The Otolith Group, Scryritae, Photograph Mounted on Aluminium, 457 x 1000 mm, 2006. Image Courtesy: Artist.
The Otolith Group, Scryritae, Photograph Mounted on Aluminium, 457 x 1000 mm, 2006. Image Courtesy: Artist.

Founded in London in 2002 by artist-theorists Anjalika Sagar and Kodwo Eshun, The Otolith Group is known widely for their remarkable Otolith Trilogy of 2002-2008, for which they exploited the critical potential of the ‘essay film’ – a distinctive mixture of documentary and dramatic imagery accompanied by poetic, historical, and often autobiographical narration that, reanimating the tradition of diverse filmmakers such as Chris Marker, Jean-Luc Godard, and Black Audio Film Collective, works to disrupt the clear boundaries between fact and fiction, subjectivity and objectivity, the real and the imaginary. Similarly in the photographic cycle Preparations, by assembling constellations of historical fragments set within newly imagined scenarios, the group recovers what they term ‘past potential futures’ – arrangements of the sensible that loosen representation’s incrustations, breaking open its sense of finality and historical closure, simultaneously redirecting the outmoded and forgotten as newly determinant forces on reality.

The Otolith Group, Akephaloi, Photograph Mounted on Aluminium, 457 x 650 mm, 2006. Image Courtesy: Artist.
The Otolith Group, Akephaloi, Photograph Mounted on Aluminium, 457 x 650 mm, 2006. Image Courtesy: Artist.

Following their discovery at Sagar’s family home in Bombay of a box of aged documents recording a 1953 visit of an Indian stateswomen to the USSR – of which her grandmother, Anasuya Gyan-Chand, President of the National Federation of Indian Women, was part – The Otolith Group returned to that nearly forgotten Indo-Russian history. As if bearing the visual traces of their removal from their own historical time, the digital manipulations create fascinating misshapen figures in the centre of each photograph. Some, as in Akephaloi and Scyritae, generate bulbous protrusions that grow from their bodies; others, like Pandore and Astomoi, appear as faceless, inchoate beings.

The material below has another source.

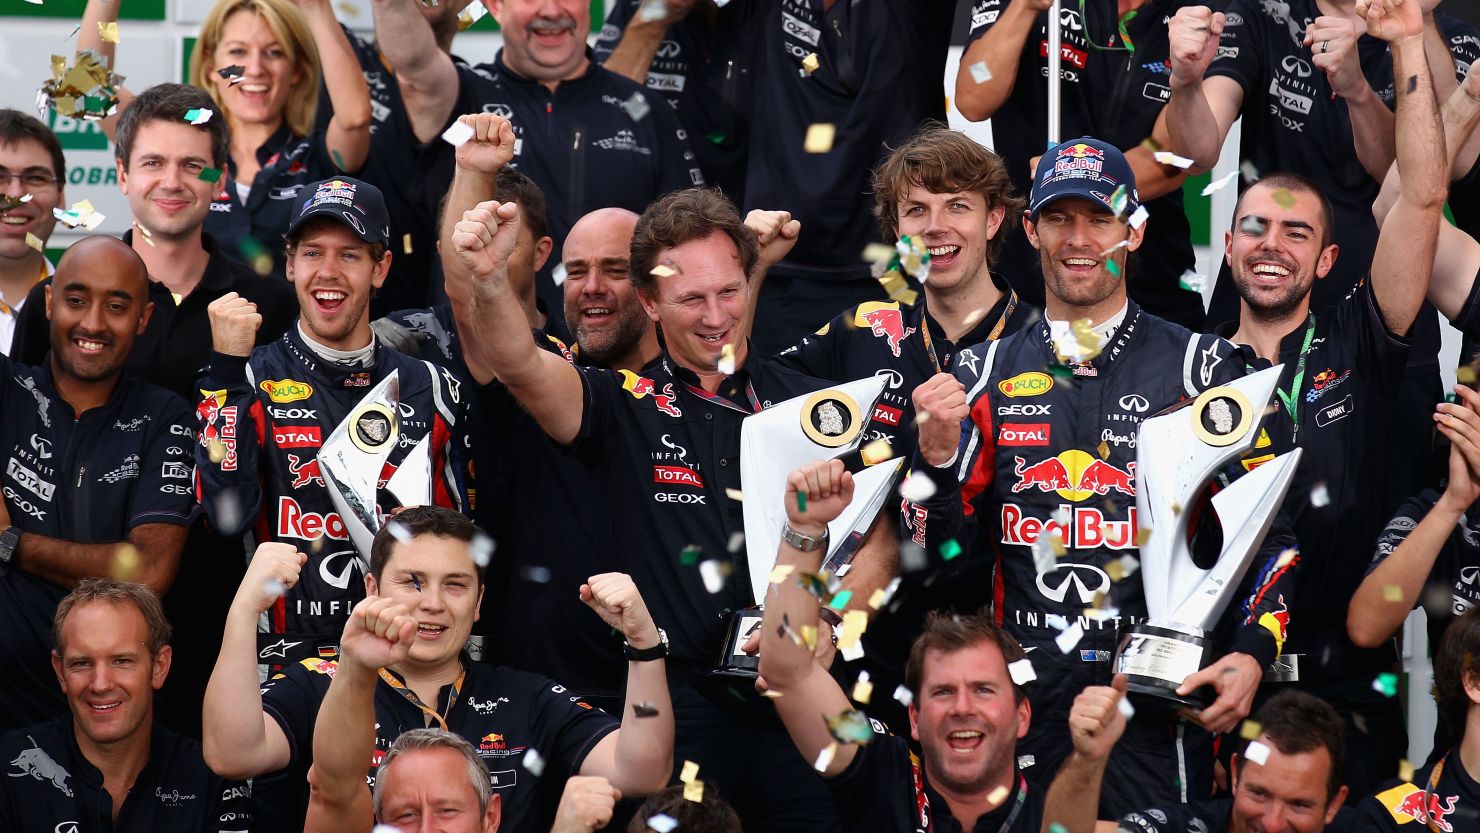 World champion Sebastian Vettel and Brazil GP winner Mark Webber celebrate their 2011 success.
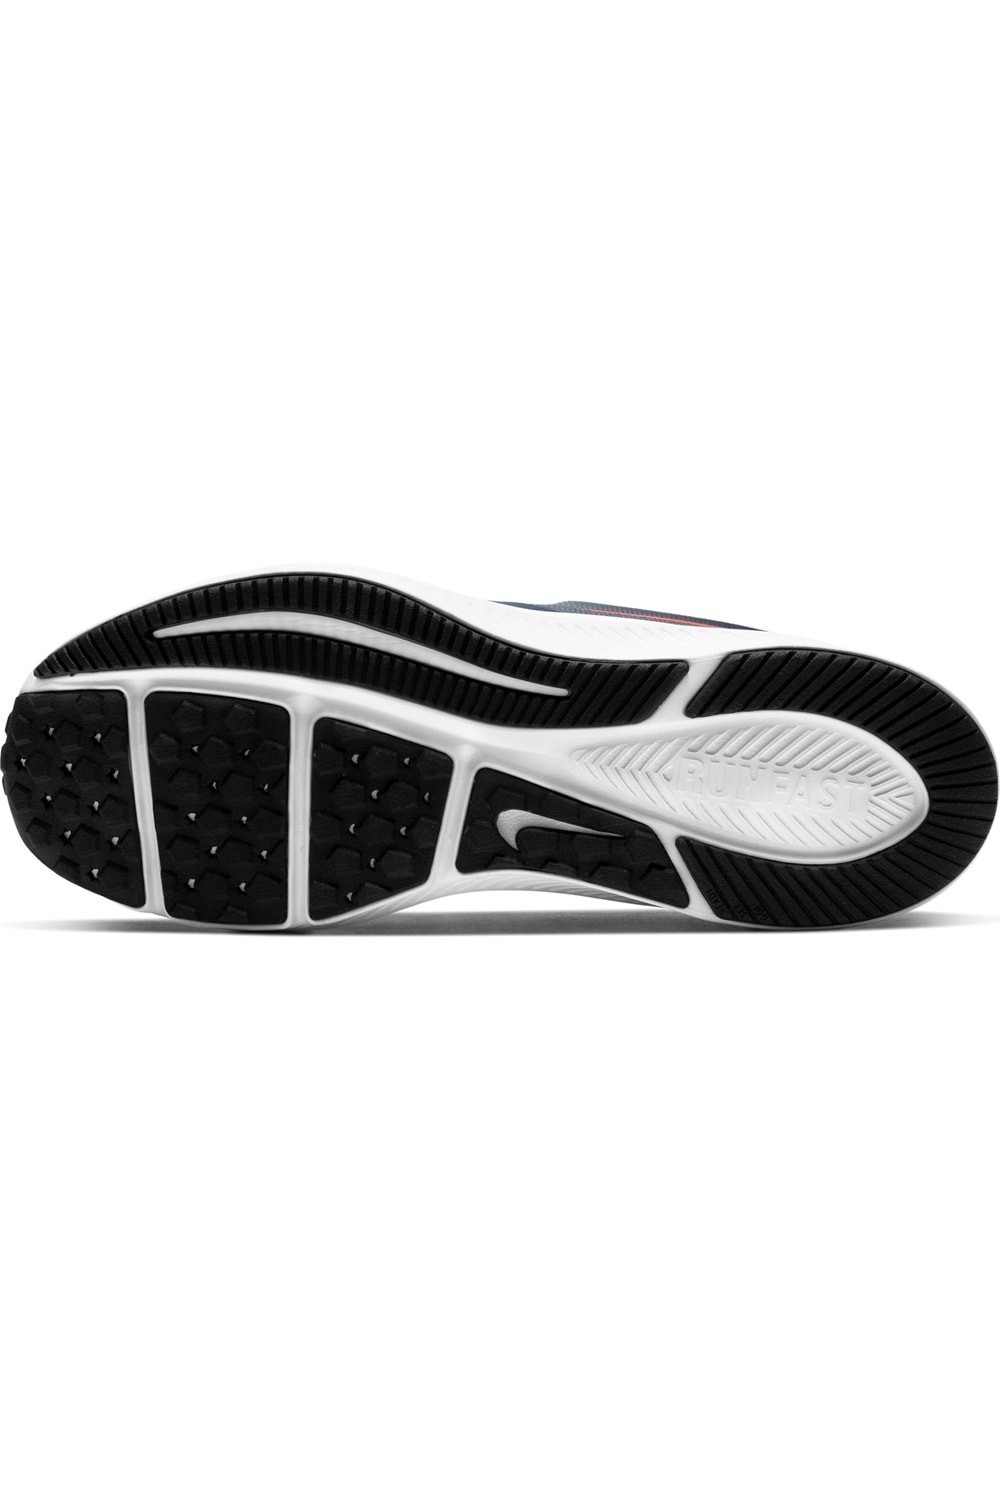 Nike Star Runner 2 (GS) Genç Koşu&Yürüyüş Ayakkabısı AQ3542-405

The Otolith Group, Pandore, Photograph Mounted on Aluminium, 457 x 800 mm, 2006. Image Courtesy: Artist.
The Otolith Group, Pandore, Photograph Mounted on Aluminium, 457 x 800 mm, 2006. Image Courtesy: Artist.

These optical anomalies suggest visualisations of the wrapping of reality with its virtual unfoldings, engendering monstrosities born of convention-defying unfamiliarity. Denying the snapshot’s punctuality, the doubleness shows existence strewn across multiple temporalities, signalling an excess of potentiality that haunts the image’s present and renders it available for future redemption. At the same time, the imagery of freakish mutants deliberately evokes the ancient Mediterranean world’s notions of India; the photographs take their titles from classical Greek names for far-away ‘fabulous races,’ as found in Pliny the Elder’s Historia Naturalis. Regenerated by Otolith, the fantastical visions indebted to age-old xenophobia now suggest the dormant promise of early encounters between cultures, a promise that still today has yet to be realized.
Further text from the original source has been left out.